Il n’y a pas lieu, dans les circonstances de l’espèce, d’assortir cette injonction d’une astreinte.
Sur les frais liés au litige :
Il y a lieu, dans les circonstances de l’espèce, de mettre à la charge de l’Etat une somme globale de 2 000 euros au titre des frais exposés par les requérants et non compris dans les dépens.
D E C I D E :
Article 1er : Les arrêtés du 24 avril 2025 par lesquels la préfète de Meurthe-et-Moselle a refusé d’admettre au séjour M. B… et Mme D… épouse B…, leur a fait obligation de quitter le territoire français sans délai, a fixé le pays de destination et a prononcé à leur encontre une interdiction de retour sur le territoire français d’une durée de douze mois, sont annulés.
Article 2 : Il est enjoint au préfet de Meurthe-et-Moselle de délivrer à M. B… et à Mme D… épouse B… un certificat de résidence algérien portant la mention « vie privée et familiale » dans un délai de deux mois à compter de la notification du présent jugement et de les munir, immédiatement, d’un récépissé de demande de titre de séjour.
Article 3 : L’Etat versera à M. B… et à Mme D… épouse B… une somme totale de 2 000 euros au titre des dispositions de l’article L. 761-1 du code de justice administrative.
Article 4 : Le surplus des conclusions des requêtes n° 2501670 et n° 2501671 est rejeté.
Article 5 : Le présent jugement sera notifié à M. E… B…, à Mme C… D… épouse B… et au préfet de Meurthe-et-Moselle.

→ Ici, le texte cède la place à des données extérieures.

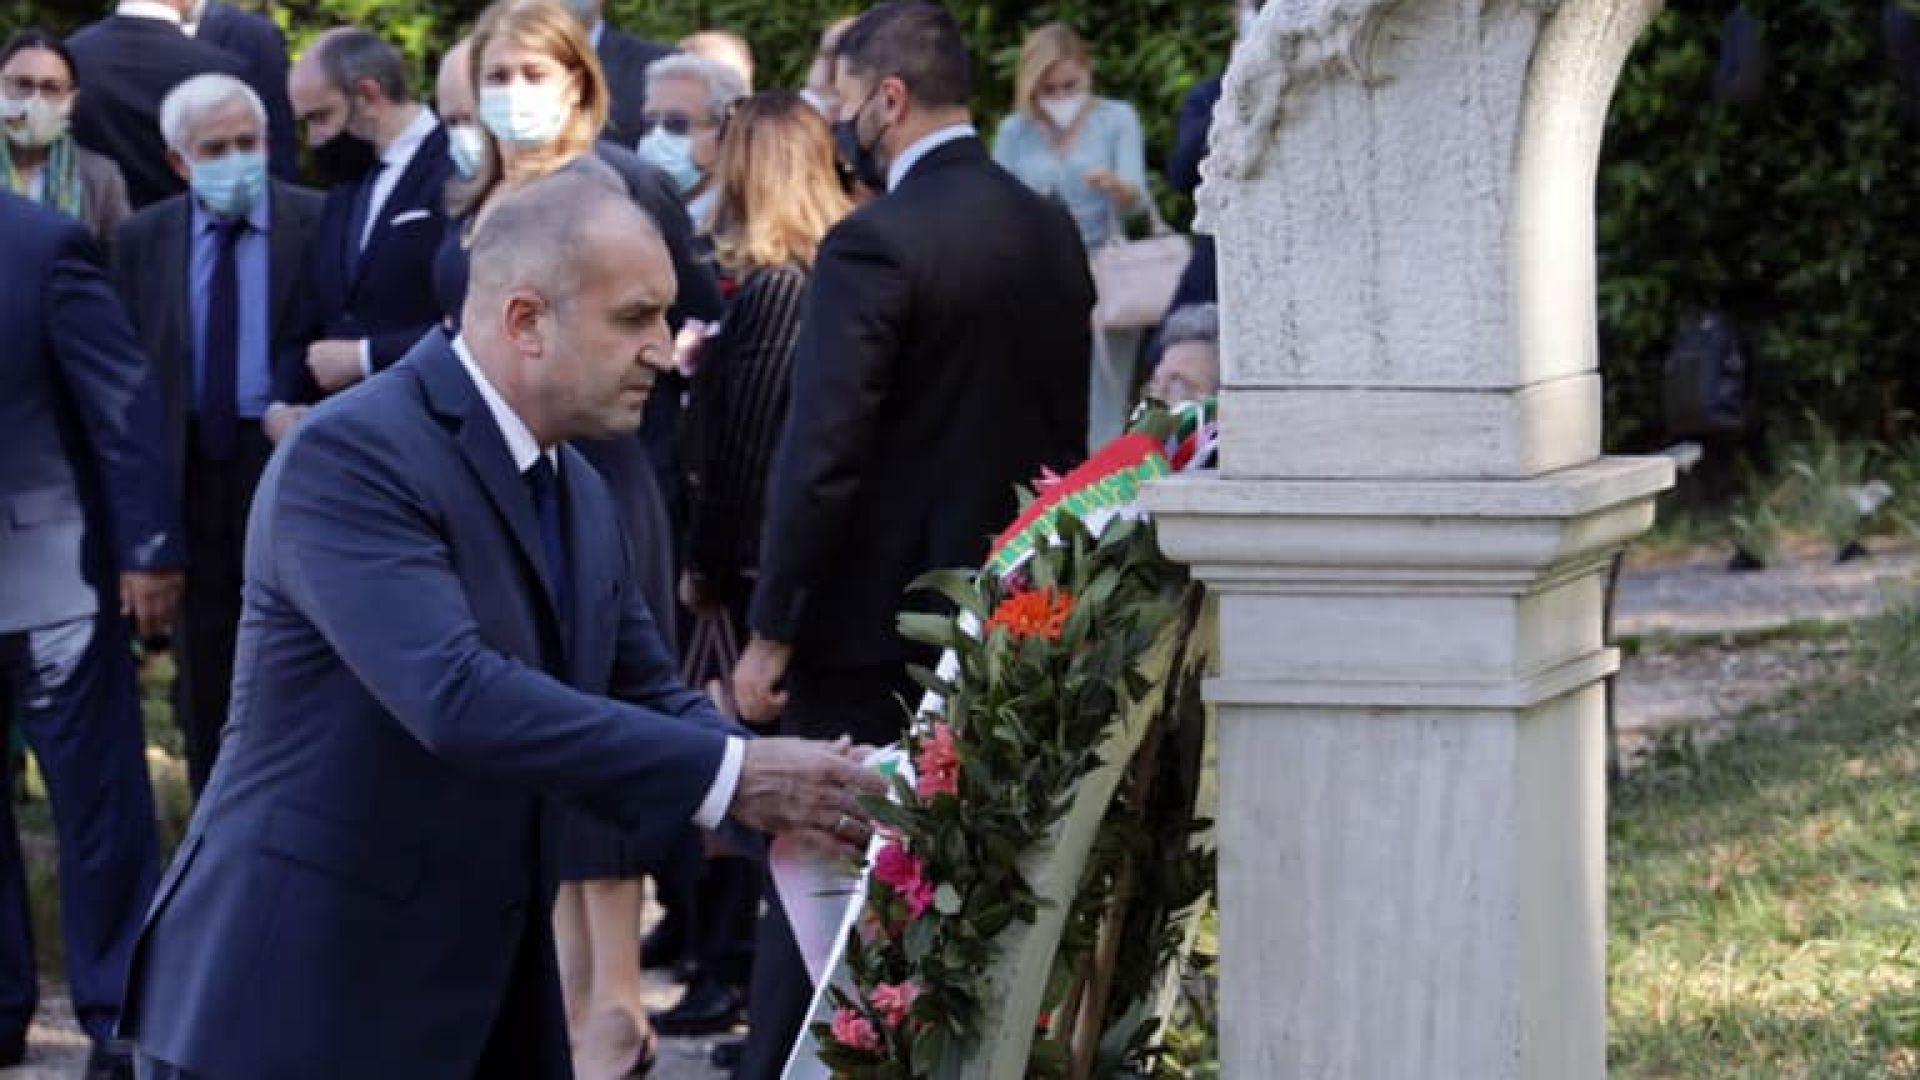 Румен Радев и българската делегация отидоха на паметника на Капитан Петко войвода в Рим

Délibéré après l’audience publique du 16 octobre 2025 à laquelle siégeaient :
Mme Samson-Dye, présidente,
Mme Ducos de Saint Barthélémy de Gélas, première conseillère,
Mme Philis, conseillère.
Rendu public par mise à disposition au greffe le 13 novembre 2025.
La rapporteure,
L. Philis
La présidente,
A. Samson-Dye
La greffière,
L. Bourger
La République mande et ordonne au préfet de Meurthe-et-Moselle en ce qui le concerne ou à tous commissaires de justice à ce requis en ce qui concerne les voies de droit commun, contre les parties privées, de pourvoir à l’exécution de la présente décision.